Долго, мучительно думал Аким о своей судьбе и чувствовал, что где-то, на каком-то повороте жизненной дороги оступился, остался один… Даже маленькая топтушка Маша, младшая дочь, и та, когда хочешь нести ее на руках, возражает, пыхтя: «Я тяма!» Ишь ты — от горшка два вершка, а тоже «сама»!

Вот они какие нынче! Егорка — так тот с головы до ног вылитая Фенька! Что ни слово — у нее взято. Персона, и не говори, какая самостоятельная. Бывало, дети идут следом за отцом, а теперь норовят без зазрения совести вперед. Бывало, в дом, как в крепость, тащат все, а теперь только и глядят что-нибудь унести в колхоз. Только и слышишь — не «мое», а «наше». Никак не укладывается это в понятии Акима. Еще бы — какой же хозяин не откроет своих ворот добру? Он и сам, где можно, никогда не обижал себя.

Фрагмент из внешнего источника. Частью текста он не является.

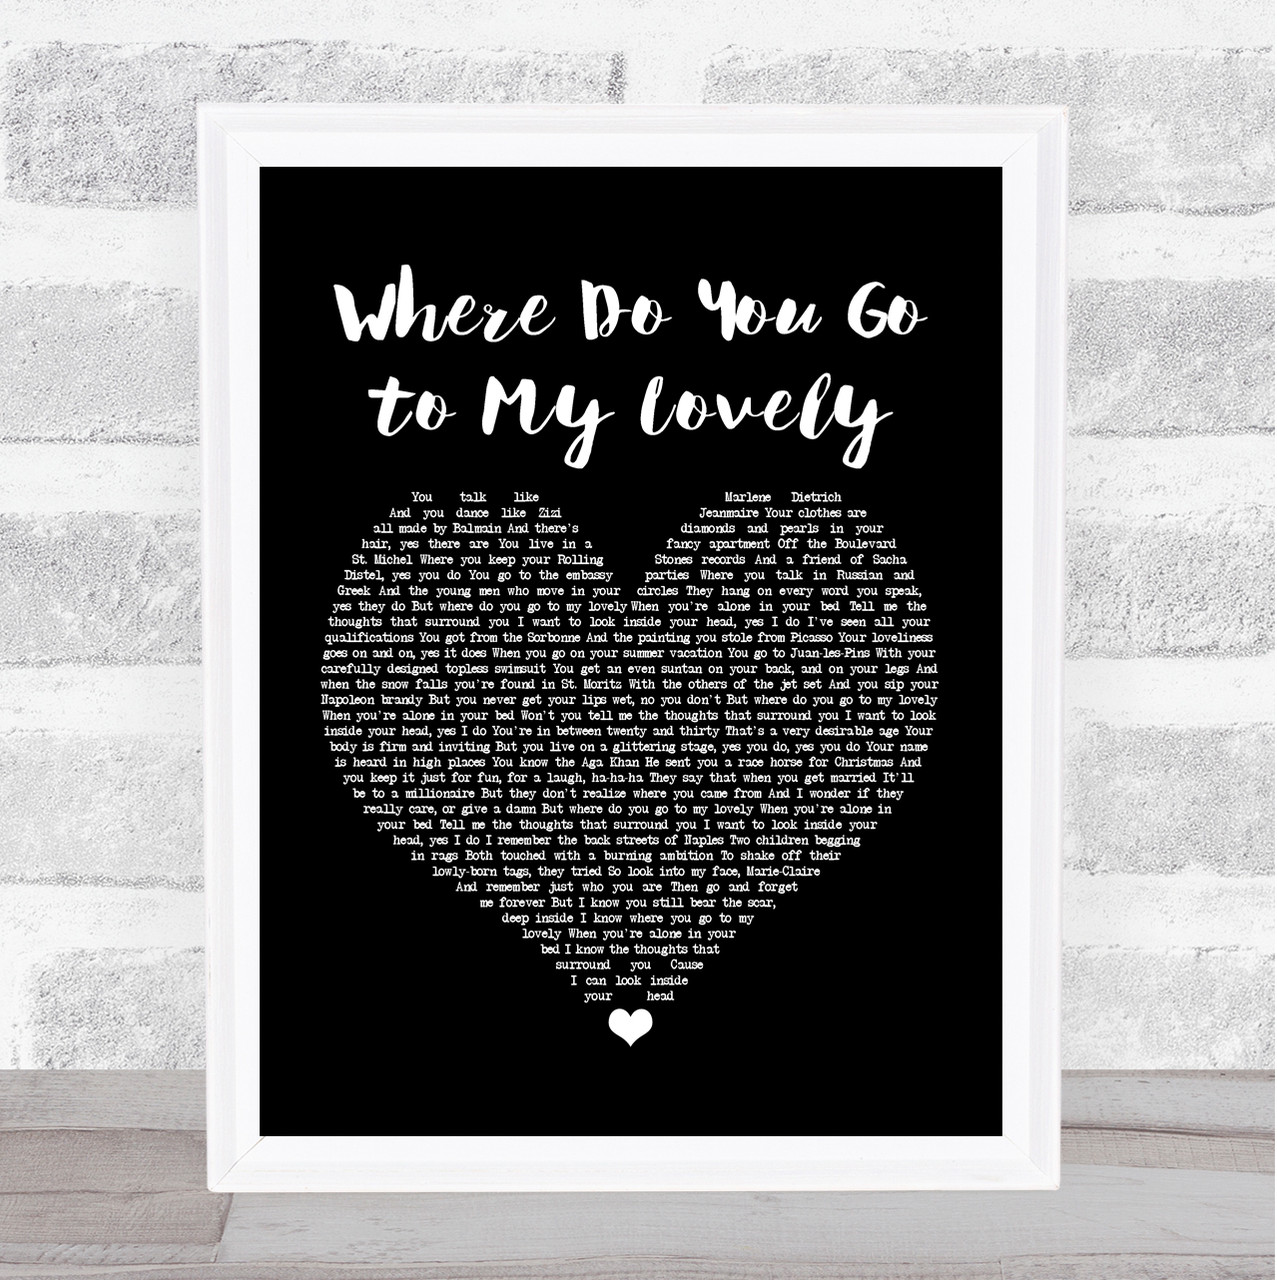 Where Do You Go To (My Lovely) - song and lyrics by Peter Sarstedt
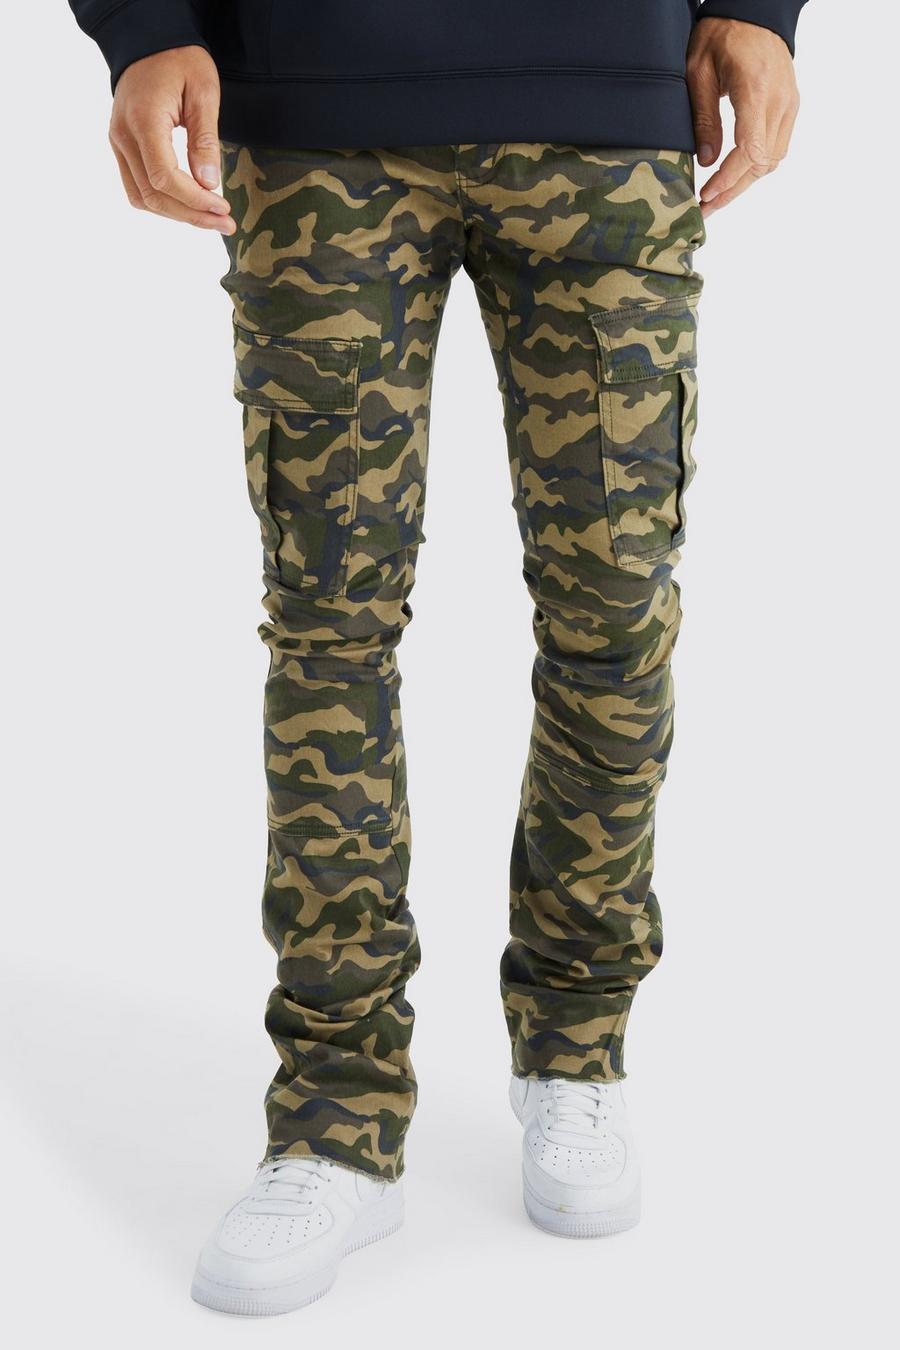 Sand Tall Stacked Flared Camo Cargo Skinny Fit Broek Met Gusset Detail

В прошлом году, осенью, когда озеленяли село, Акиму пришлось вести аллею вдоль улицы, на которой стоял его дом. Везде Аким сажал топольки, а против своего дома взял да и прикопал пять рябинок, потом подумал и добавил еще черемуху. «Пусть повеселей будет, чем у соседей!»

А вот на этой самой дороге, за мостом, Аким принял другой, куда больший грех. Не ограбил и не убил никого. Нет. Боже упаси, такого с ним никогда не бывало! А вышло совсем вроде из-за пустяка. Посадили школьники в поле, по краям дорожного полотна, яблоньки. Шел как-то Аким с работы и думает: «Ну и глупые же эти мальчишки — сажают деревца где не надо. Появятся яблоки — обломают к черту, засохнет вся краса». Взял как-то, встал среди ночи, пошел на поле, вырыл с десяток яблонек и тайно, под покровом темноты, принес домой, посадил за своим двором.

«Все равно растащат», — оправдывал тогда себя Аким. Но не растащили, не тронул никто яблонек, кроме него самого. В прошлом году некоторые деревца зацвели, а где Аким прошелся с заступом, так и остался укором его совести пустой забурьяневший прогал метров в пятьдесят… С тех пор, проходя на станцию, Аким старается не смотреть на прогал, отворачивает лицо в сторону…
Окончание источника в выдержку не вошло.